Implement mergesort3 and Stooge sort to sort an array/vector of integers. You may implement the algorithms in C, C++ or Python, name the programs “mergesort3” and “stoogesort”. Your programs should be able to read inputs from a file called “data.txt” where the first value of each line is the number of integers that need to be sorted, followed by the integers.

Example values for data.txt:

4 19 2 5 11
8 1 2 3 4 5 6 1 2

The output will be displayed to the terminal. For the above example the output would be:

2 5 11 19
1 1 2 2 3 4 5 6

Test your code on the school’s server, flip.
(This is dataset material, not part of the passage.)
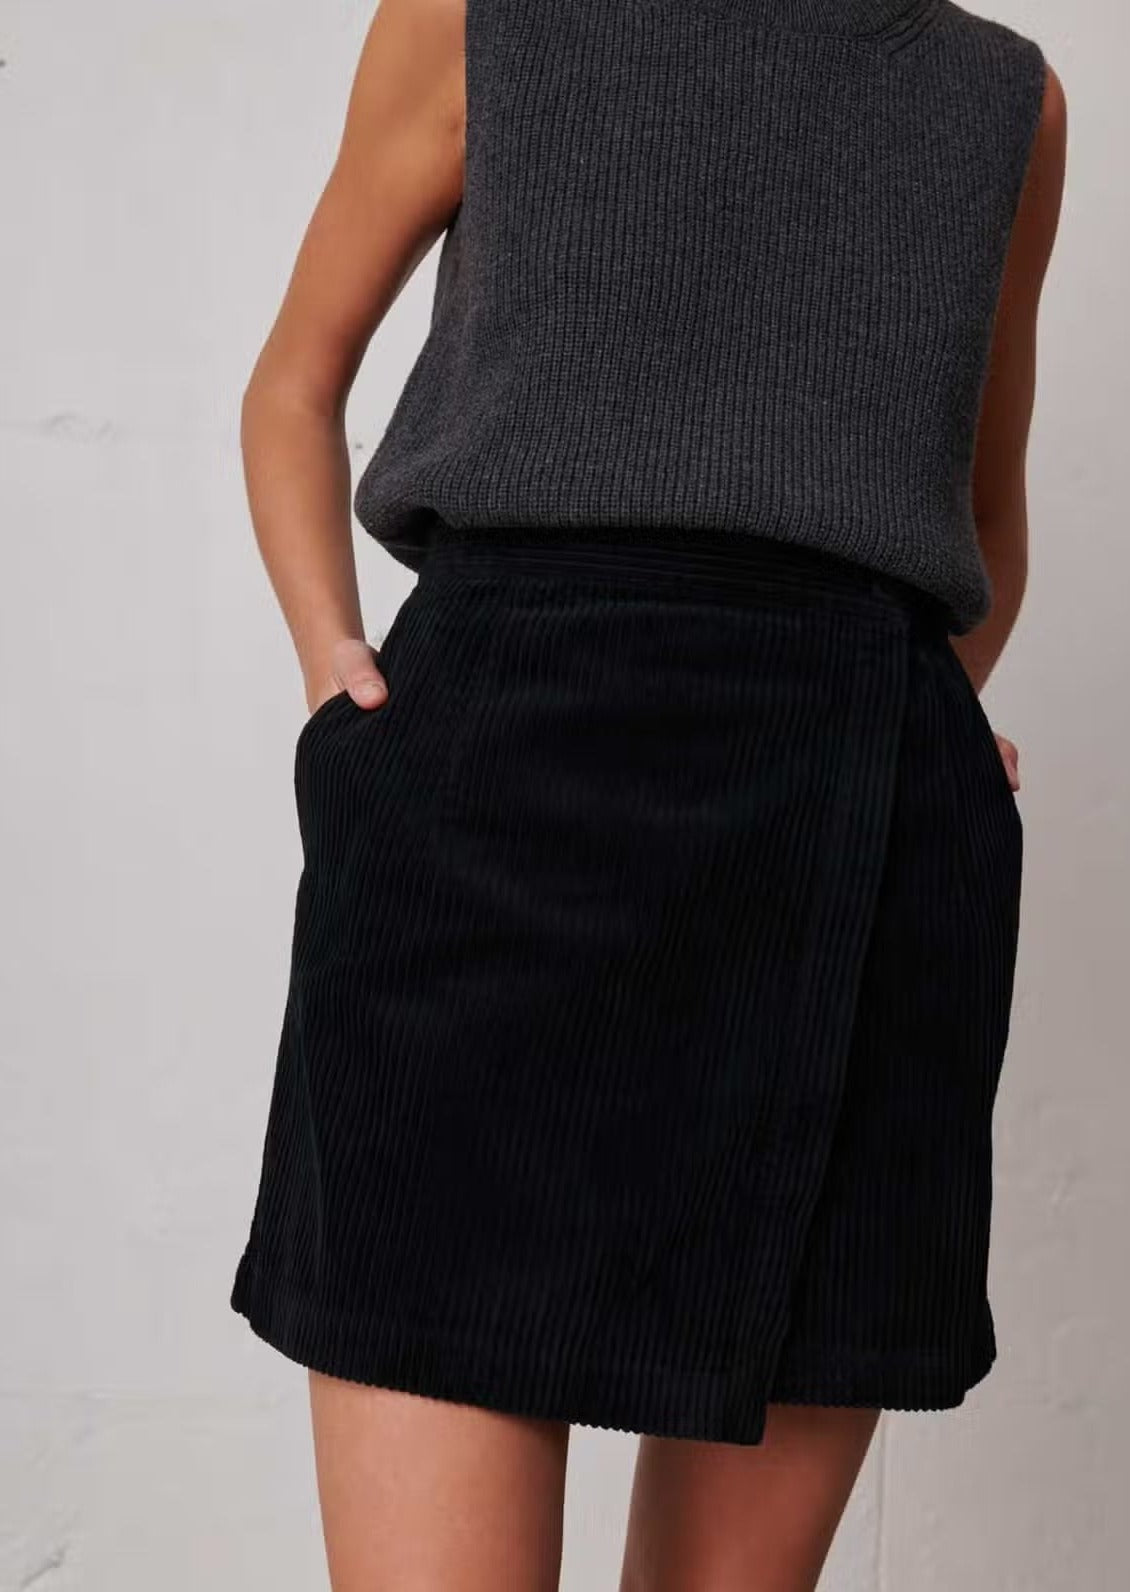 June Corduroy Wallet Skirt

Your code should run with the HW1.sh script.

Problem 4: Running times (5 pts)

Modify code- Now that you have verified that your code runs correctly using the data.txt input file, you can modify the code to collect running time data. Instead of reading arrays from the file data.txt and sorting, you will now generate arrays of size n containing random integer values from 0 to 10,000 to sort. Use the system clock to record the running times of each algorithm for ten different values of n for example: n = 5000, 10000, 15000, 20,000, ..., 50,000. You may need to modify the values of n if an algorithm runs too fast or too slow to collect the running time data. All running times should be greater than 0 and less than 20 seconds. Output to the terminal the array size n and time to sort. Name these new programs merge3Time and stoogeTime.

Submit the code to TEACH.

Problem 5: Data analysis (5 pts)

  1. Collect running times - Collect the timing data from running your programs on the engineering flip server. You will need at least ten values of t (time) greater than 0. If there is variability in the times between runs of the same algorithm you may want to take the average time of several runs for each value of n. Create a table of running times for each algorithm. Is this best case, worst case or average case running time? Did you take the average of multiple runs?
  2. Plot data and fit a curve - For each algorithm plot the running time data you collected in part a) on an individual graph with n on the x-axis and time on the y-axis. You may use Desmos, Matlab, R or any other software. What type of curve best fits each data set? Give the equation of the curve that best “fits” the data and draw that curve on the graphs. How does your experimental running times compare to the theoretical running times?

Note: All code should be fully commented and include your name, date and class. If you use any resources when writing the code, cite them in the comments.